"Um governo não eleito
e um Congresso desmoralizado, contando com grande banda de
música na imprensa, formarão um rolo compressor sobre a
cidadania, impondo mudanças regressivas no meio de uma crise
social já enorme. Não sabemos para onde isso vai nos levar."
César Benjamin
Revista Piauí, maio de 2016
Meus amigos estranharam quando eu disse que me opunha à
aceitação, pela Câmara dos Deputados, da admissibilidade do
impedimento de Dilma Rousseff, que agora será objeto de
apreciação no Senado. Sempre fui crítico aos governos do PT e
considero a presidente uma figura lamentável sob todos os
pontos de vista. Além disso, ao contrário do que dizem os
governistas, não creio que as regras da democracia estejam em
risco.
Os motivos jurídicos para o impedimento podem ser
considerados suficientemente fortes ou não, mas existem.

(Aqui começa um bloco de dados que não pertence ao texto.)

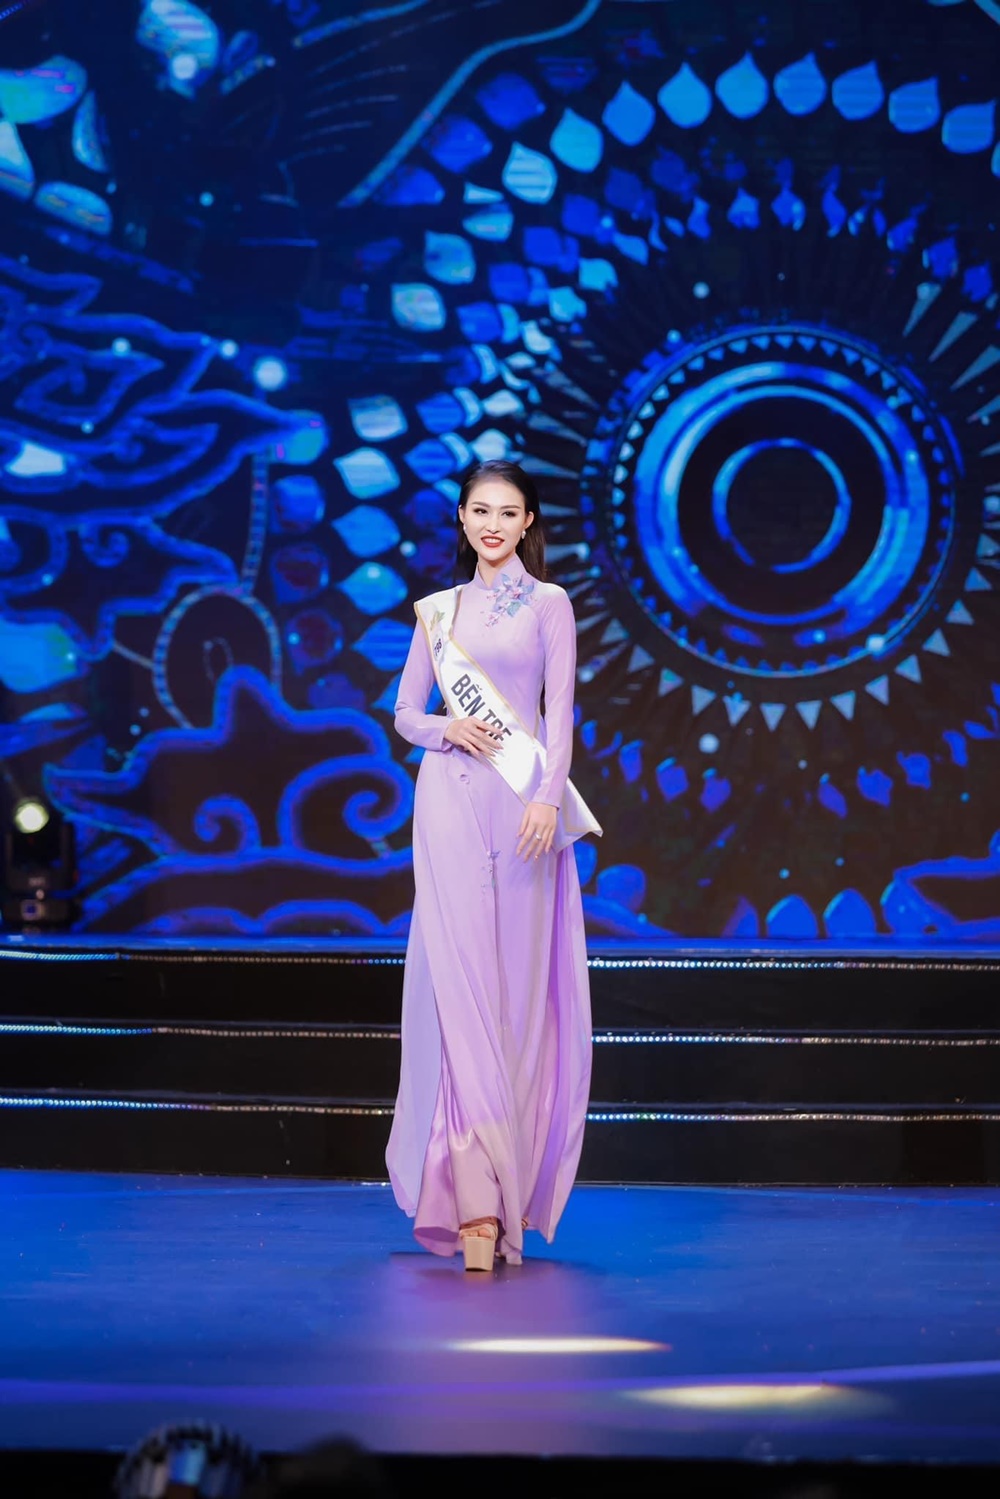 Trần Nguyễn Phương Thanh: Tôi hạnh phúc với danh hiệu Á hậu 2 Hoa hậu Du lịch Việt Nam 2022 - ảnh 2

Somam-se, é claro, a motivos políticos.
Oponho-me ao processo em curso por causa dos
desdobramentos que ele terá: um governo não eleito encontrará
pronta uma maioria parlamentar qualificada – apta, pois, a
alterar a Constituição –, articulada sabe-se lá de que forma,
aberta a todo tipo de negociações e ávida para repartir o novo
poder. Será um salto no escuro.
O programa apresentado há
pouco tempo pelo PMDB, intitulado “Ponte para o futuro”,
antecipa que diversos dispositivos constitucionais, como as
despesas obrigatórias em educação e saúde, a indexação dos
benefícios da Seguridade Social ao salário mínimo e o estatuto
do Banco Central, serão questionados. Também será
questionada a CLT, pois, a depender do PMDB, os acordos
diretos entre patrões e empregados terão mais valor do que
aquilo que as leis determinam.
O mesmo texto promete uma
política econômica conservadora puro-sangue, sem as
ambiguidades do PT, o que inclui um corte drástico nas despesas
de custeio para obter superávit nominal (e não apenas primário)
nas contas do setor público. Chega a ser difícil imaginar o
significado disso. É uma meta praticamente impossível.
O golpe, em curso, não será o afastamento de Dilma Rousseff.
Será a formação de um governo comprometido com um
programa que muito dificilmente seria aceito pelo povo
brasileiro nas urnas.
Estaremos expostos a um intenso fogo de
barragem, com o mesmo grupo de economistas apresentando
sua versão, reiteradamente, de modo a legitimar pela imprensa
alterações constitucionais importantes, patrocinadas por um
governo não eleito e realizadas por um Congresso que já perdeu
legitimidade aos olhos da população.
O debate que veremos será
apenas um simulacro.
O impedimento mimetizará uma eleição indireta. Aqui
desembocou a esperteza política do PT e de Lula, tão enaltecida
nos últimos anos. Foram eles que se juntaram a figuras
lombrosianas e lhes deram tanto poder.
* * *
Seja qual for o governo, o padrão de gastos do Estado – e,
portanto, sua relação com a sociedade – precisará ser revisto em
uma dimensão que ultrapassa muito as desastradas tentativas de
ajuste que estão em curso desde janeiro do ano passado.
A atual
configuração desses gastos e o nível de consumo a que a
sociedade se acostumou na última década não são compatíveis
com um crescimento econômico sustentado, com relativo
equilíbrio nas contas fiscais e externas. Empurramos o problema
para frente durante alguns anos, à custa de aumentar
endividamentos. É certo que esse tempo acabou. Mas há
diferentes maneiras de lidar com a questão, e não uma só.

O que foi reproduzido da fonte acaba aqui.